【問題解決の方法】すべてのスタートとなる「なぜ?」

疑問が生じたらどうしますか?

 仕事や日常生活で

例えば器具の使い方などで

「あれ、これどうやってやるんだろう」

という疑問が生じたとき、皆さんはどうしますか。

 最近だと一番多いのは、「検索してみる」でしょうか。

他には「資料を調べてみる」や

「取扱説明書を調べる」などが考えられます。

 「コールセンターに問い合わせる」というのもあるかと思います。

 人は色々な形で問題解決を行おうとするものです。

たまにネットで

何でもかんでも自分で調べずに、SNSなどで他人に「教えて」の質問を繰り返している人に

「ググレ〇〇」という汚い言葉で批判がされたりしているのを見ますが(「ググれ」は「googleなどの検索エンジンで自分で調べろ」という意味)

世の中に新しいものが多く出回れば

それと同じくらい新しい疑問が発生します。

人々は日々そういう新しい疑問に新しい答えを求めて

さまよっているといっても良いでしょう。

 勉強においても、このことは基本的には同じだとは思いますが

勉強の場合、最短距離で結論がわかれば良いというのではないという点が少し違うかもしれません。

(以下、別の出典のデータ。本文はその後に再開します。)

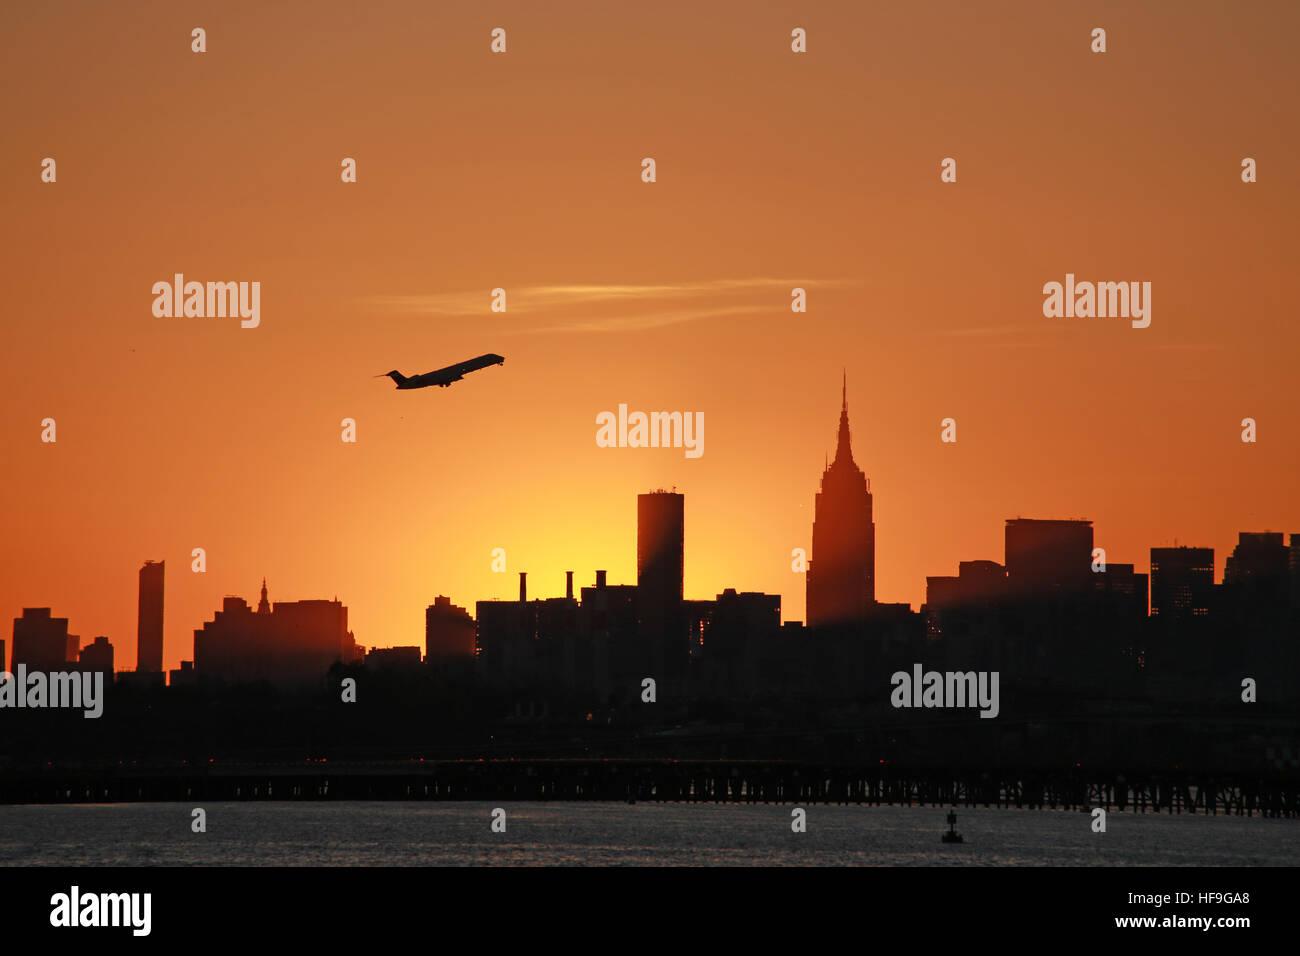 Silhouette of jet taking off over Manhattan skyline, New York, NY, USA Stock Photo

 学習して理解を深めるには、途中の考え方を知ることが重要で

必要な情報と言うのは、解答の数字ではなくそのプロセスに中心があることが多いからです。

 勉強で失速する生徒の典型

 このことは意外に重要です。

というのは

答えだけ、結論だけ早く知りたくて、そのプロセスを軽視する生徒には

勉強で失速してしまう生徒が時々見かけられるからです。

 指導現場のやりとりで言うと

「先生、答えを教えてください」という姿勢です。

「先生、やり方を教えてください」ではなく

答えを聞いてばかりなので

こちらが心配になって

「大丈夫か」と聞くと

「たぶんわかるから」と答えたりします。

全然大丈夫ではないのですが、

本人は答えを知った時点でその問題は終わりと思ってしまっているため

次へつながる学習がなかなかできません。

これなどはもちろん極端な例ですが

途中の過程をそんなに疑問に思わず

高を括っている生徒はかなりいると思います。

「なぜそうなるの?」

 この話をしていて思い出すのは

中3で学習する二次方程式の解の公式です。

具体的な式はここでは割愛しますが

二次方程式の解(Xなど不明とされた部分にあてはまる数)を求めるための公式で

公式を暗記すれば一瞬で答えが出るものです。

ただ公式自体が複雑なので

生徒はまずその複雑さに目を奪われます。

じつはこの事が問題なのです。

 ずいぶん昔からこの公式を生徒に教えていますが

学力を大いに伸ばす生徒は

必ずといっていいほど

この公式について質問をしてきます。

「どうしてこれでXが求められるのですか」

 ダメな教師の中には

この手の質問を受けて

「とにかく覚えれば良い」などという人がいるらしくて、驚いてしまいますが

この質問こそ

生徒の能力を伸ばすことの秘密が隠されている質問だと、私は思っています。

 つまり「なぜ?」という疑問を持てる事が

学習の力そのものだということです。

多くの生徒が

「うわー大変、この公式を暗記するなんてムリ」とか

「これはまた苦手になるぞ」とか

「よし、まずやってみよう」とか言っている中

「なぜ、こんな式で一瞬で答えが出せるのかな?どういう仕組みなのかな?」

という発想ができるということは

普段から「なぜ?」というスタンスで学習を進めてきているということがわかります。

 そしてそういう探究心があってこそ

学習が面白くなり

わかることの喜びも感じられ

しかも仕組みをしっかり考えて学ぶので

暗記などしなくても自然に頭に入ってしまう

という好循環が始まると言えます。

 だから

勉強について

一番やってはいけない事は、「答え」だけを追う事

一番やるべき事は

「なぜ?」をいつも考える事なのだと思います。

今後も皆さんのお役にたつ情報をアップしていきます。